So the Reformation understanding of justification does not depend on arguing against a “non-existent opponent.” Nor does it depend on the claim that first-century Jews advocated “works righteousness.” It depends first on the claim that salvation comes through the life, death, and resurrection of Jesus Christ, and, second, that, since all have sinned (both Jews and Gentiles), all need salvation.

On Krister Stendahl

I’m fairly certain that most of those who appeal to the Krister Stendahl essay have not actually read it. Stendahl does not argue that “we read Paul through Luther,” but that we read Paul through Luther and Augustine! (It is at least incongruous then that you finish by appealing to Augustine). Stendahl’s point anticipates Sanders and the New Perspective in pointing out that Paul was concerned with the ignored question of relations between Jews and Gentiles – which, I acknowledge as an important correction by the New Perspective in my earlier essay. More significantly, Stendahl focuses on the misinterpretation of Romans 7, the problem of the “Pauline I,” which Augustine and Luther understood as a self-description of Paul after his conversion to Christianity. Stendahl points out correctly that the context concerns the holiness and goodness of the Jewish law, not a generic description of the predicament of the human being under sin. Contemporary biblical scholars suggest that the “Pauline I” is actually a description of Adam (Witherington) or of Israel, whose “Adamic condition” has been exacerbated by Torah (Wright).11

At the same time, nothing in what Stendahl writes conflicts with Reformation understanding of justifictaion as such. To the contrary, he agrees with the standard Reformation interpretation: (1) “The impossibility of keeping the whole Law is a decisive point in Paul’s argumentation . . . this impossibility is the background for Paul’s arguments in favor of a salvation which is open to both Jews and Gentiles in Christ.” (2) “Jews are not better than the Gentiles, in spite of circumcision and the proud possession of the Law. . . They stand before God as guilty as the Gentiles, and even more so . . .” (3) “[T]he only grace which counts is the one now available in Messiah Jesus.”12

Augustine and Merit

Finally, your last two sentences are just a huge jump. Logically, there is no direct path from “The New Perspective” and “Krister Stendahl” to the Western Catholic doctrine of “merit.” Certainly if sanctifying grace is a real thing, then “when God rewards our merits, He crowns his own gifts.” If there is a real distinction between justification as a forensic declaration of righteousness (alien righteousness) and sanctification as an inherent transformation (infusion), then the latter takes place through the indwelling of the Holy Spirit who unites Christians to the crucified and risen Christ, and any moral transformation that occurs in sanctification is God “crowning his own gifts.” However, the mere mention of merit does not address the crucial question: Is the formal cause of the Christian’s right standing before God the finished work of Jesus Christ outside of him or her (appropriated through the instrumental cause of faith), or, rather, is the formal cause infused righteousness, even if it results from the indwelling of the Holy Spirit? That is, is transformation by grace a consequence of having been freely forgiven by God? Or rather, is divine forgiveness conditioned by prior transformation? That is, does “merit” follow justification or does justification depend on merit?

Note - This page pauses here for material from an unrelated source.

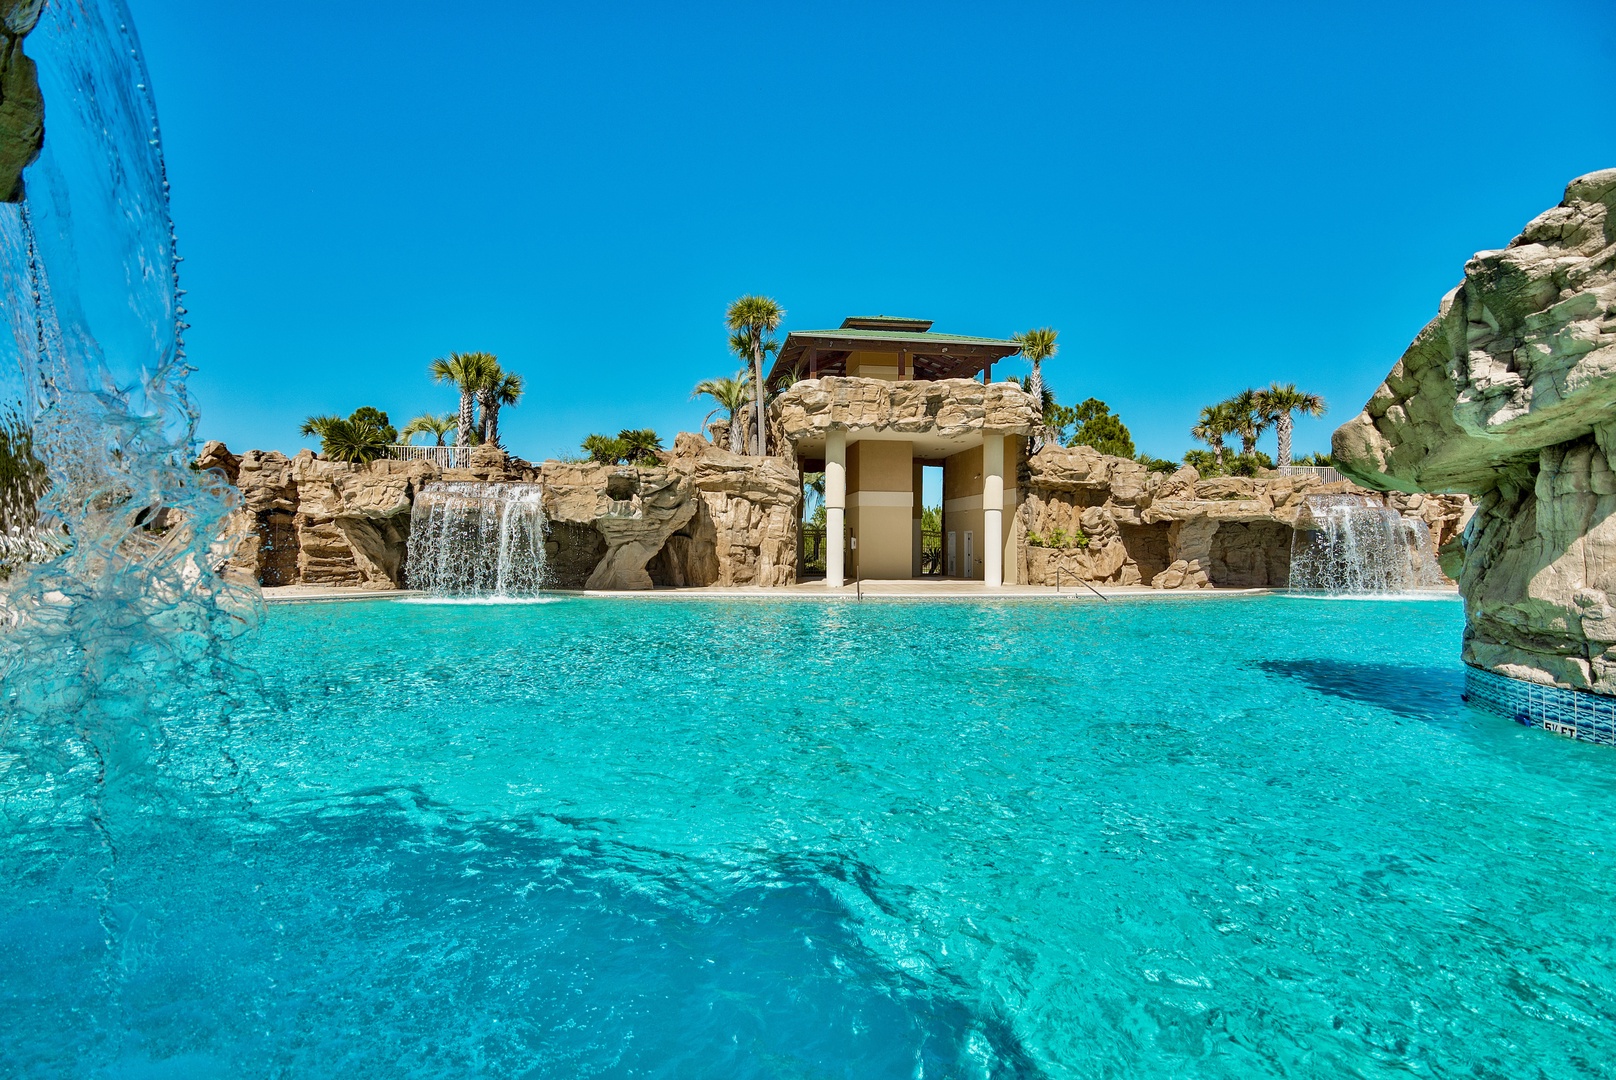 The amazing Cypress Breeze neighborhood pool!

1 N.T. Wright, Justification: God’s Plan and Paul’s Vision (IVP Academic, 2009), 252.

2 N.T. Wright, What Saint Paul Really Said: Was Paul of Tarsus the Real Founder of Christianity? (Grand Rapids: Eerdmans, 1997), 117.

3 N.T. Wright, Paul and the Faithfulness of God: Book 2 (Minneapolis: Fortress, 2013), 997.

4 Wright, Paul and the Faithfulness of God, 951.

5 Wright, Justification, 216, 251.

6 “Works of the Law surely means all of the works of the law . . . For Paul,the Law is a package deal . . . All must be obeyed if one is under the Mosaic Law.” Ben Witherington, The Problem With Evangelical Theology (Baylor University Press, 2005), 50-55; Paul’s Letter to the Romans: A Social-Rhetorical Commentary (Eerdmans, 2004), 102-107.

7 Witherington, Romans, 103.

8 Brevard S. Childs, The Church’s Guide for Reading Paul: The Canonical Shaping of the Pauline Corpus (Eerdmans, 2008), 108-109.

9 Wright, The Letter to the Romans, The New Interpreter’s Bible: Volume 10 (Abingdon, 2002), 461.

10 Witherington, Problem with Evangelical Theology, 55. See also Childs, 97-112.

11 Krister Stendahl, “The Apostle Paul and the Introspective Conscience of the West,” Harvard Theological Review (1963) 199-215; Witherington, Problem With Evangelical Theology, 21-37; Wright, Romans, 558-572.

12 Stendahl, 201-202.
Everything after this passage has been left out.